Project Summary Multiple feedback mechanisms converge on the polytopic, ER (endoplasmic reticulum)-localized enzyme HMG CoA reductase (HMGCR), which catalyzes a key step in synthesis of cholesterol and essential nonsterol isoprenoids including Fpp (farnesyl pyrophosphate) and GGpp (geranylgeranyl pyrophosphate). Fpp and GGpp can become attached to many cellular proteins and are utilized in synthesis of dolichol, ubiquinone, heme, and vitamin K2. One mechanism for feedback control of HMGCR involves sterol-induced ubiquitination, which marks the enzyme for extraction across ER membranes and subsequent release into the cytosol for proteasome- mediated ERAD (ER-associated degradation). GGpp augments ERAD of HMGCR by enhancing its membrane extraction. We recently discovered that GGpp inhibits sterol-induced binding of HMGCR to UBIAD1 (UbiA prenyltransferase domain-containing protein-1), which utilizes GGpp to synthesize vitamin K2. This inhibition allows for membrane extraction of HMGCR and ER-to-Golgi transport of UBIAD1. Mutations in UBIAD1 cause SCD (Schnyder corneal dystrophy), an autosomal dominant eye disease characterized by corneal accumulation of cholesterol. SCD-associated UBIAD1 resists GGpp-induced release from HMGCR and becomes trapped in the ER where it blocks HMGCR ERAD. Building on discoveries summarized above, we are now poised to 1) elucidate mechanisms through which sterols promote ubiquitination of HMGCR; 2) determine the molecular structure of HMGCR; 3) establish how ubiquitinated HMGCR is removed from ER membranes for ERAD; and 4) ascertain the physiological significance of HMGCR ERAD. Collectively, these studies will provide key information regarding mechanisms by which polytopic HMGCR is removed from ER membranes and delivered cytosolic proteasomes for ERAD. In addition, these studies have significant clinical implications. HMGCR is the target of statins, widely prescribed drugs that lower plasma LDL-cholesterol and reduce cardiovascular disease. However, statins trigger responses that cause accumulation of HMGCR, which blunts their clinical effects. This increase results in part, from slowed ERAD of HMGCR. Thus, elucidating mechanisms for HMGCR ERAD holds promise for development of new therapies that increase the efficacy of statins and further reduce heart attacks.
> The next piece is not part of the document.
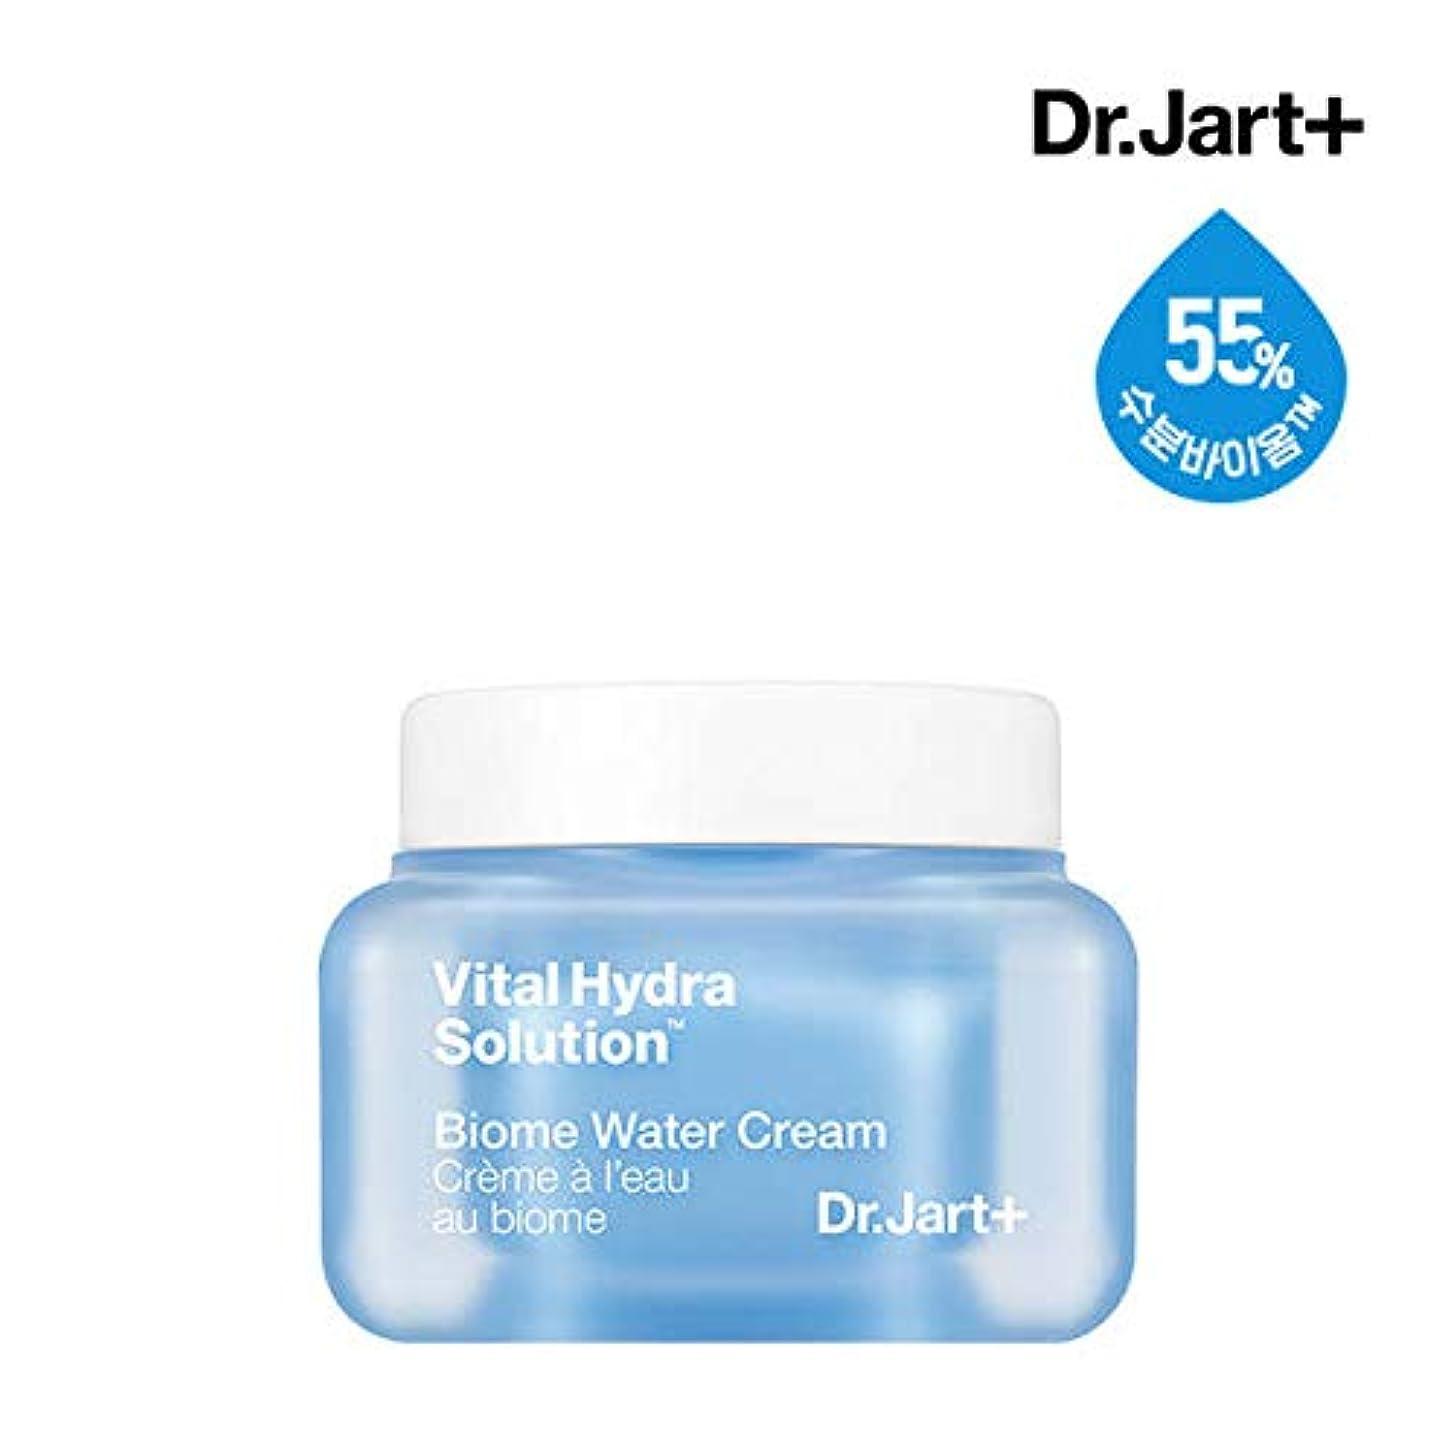 で出来ている海親ドクタージャルトゥ[Dr.Jart+] バイタルハイドラソリューションバイオームウォータークリーム50ml (Vital Hydra Solution Biome Water Cream) /リフレッシュハイドレーション

项目概要 多种反馈机制集中在多位、ER（内质网）定位酶 HMG 上 CoA 还原酶 (HMGCR)，催化胆固醇和必需非甾醇合成的关键步骤 类异戊二烯包括 Fpp（法尼基焦磷酸）和 GGpp（香叶基香叶基焦磷酸）。 Fpp 和 GGpp 可以附着在许多细胞蛋白质上，并用于合成多醇、泛醌、血红素和 维生素K2。 HMGCR 反馈控制的一种机制涉及甾醇诱导的泛素化，这标志着 跨内质网膜提取的酶，随后释放到胞质溶胶中用于蛋白酶体- 介导的 ERAD（ER 相关降解）。 GGpp 通过增强 HMGCR 的膜来增强 HMGCR 的 ERAD 萃取。我们最近发现 GGpp 抑制甾醇诱导的 HMGCR 与 UBIAD1 (UbiA 含有异戊烯基转移酶结构域的蛋白-1)，利用 GGpp 合成维生素 K2。这种抑制 允许膜提取 HMGCR 和 UBIAD1 的 ER 至高尔基体转运。 UBIAD1突变导致 SCD（施奈德角膜营养不良），一种以角膜积聚为特征的常染色体显性眼病 胆固醇。 SCD 相关的 UBIAD1 抵抗 GGpp 诱导的 HMGCR 释放并被困在 ER 阻断 HMGCR ERAD。 基于上述总结的发现，我们现在准备：1）阐明机制 甾醇促进 HMGCR 泛素化； 2)确定HMGCR的分子结构； 3）建立 如何从 ER 膜上去除泛素化 HMGCR 以进行 ERAD； 4) 确定生理 HMGCR ERAD 的意义。总的来说，这些研究将提供有关机制的关键信息 通过该方法，多位 HMGCR 从 ER 膜上去除，并为 ERAD 提供胞质蛋白酶体。在 此外，这些研究具有重要的临床意义。 HMGCR 是他汀类药物的靶点，被广泛使用 降低血浆低密度脂蛋白胆固醇并减少心血管疾病的药物。然而，他汀类药物会引发反应 会导致 HMGCR 积累，从而削弱其临床效果。这种增长的部分原因是速度放缓 HMGCR 的 ERAD。因此，阐明 HMGCR ERAD 的机制有望开发新的 提高他汀类药物疗效并进一步减少心脏病发作的疗法。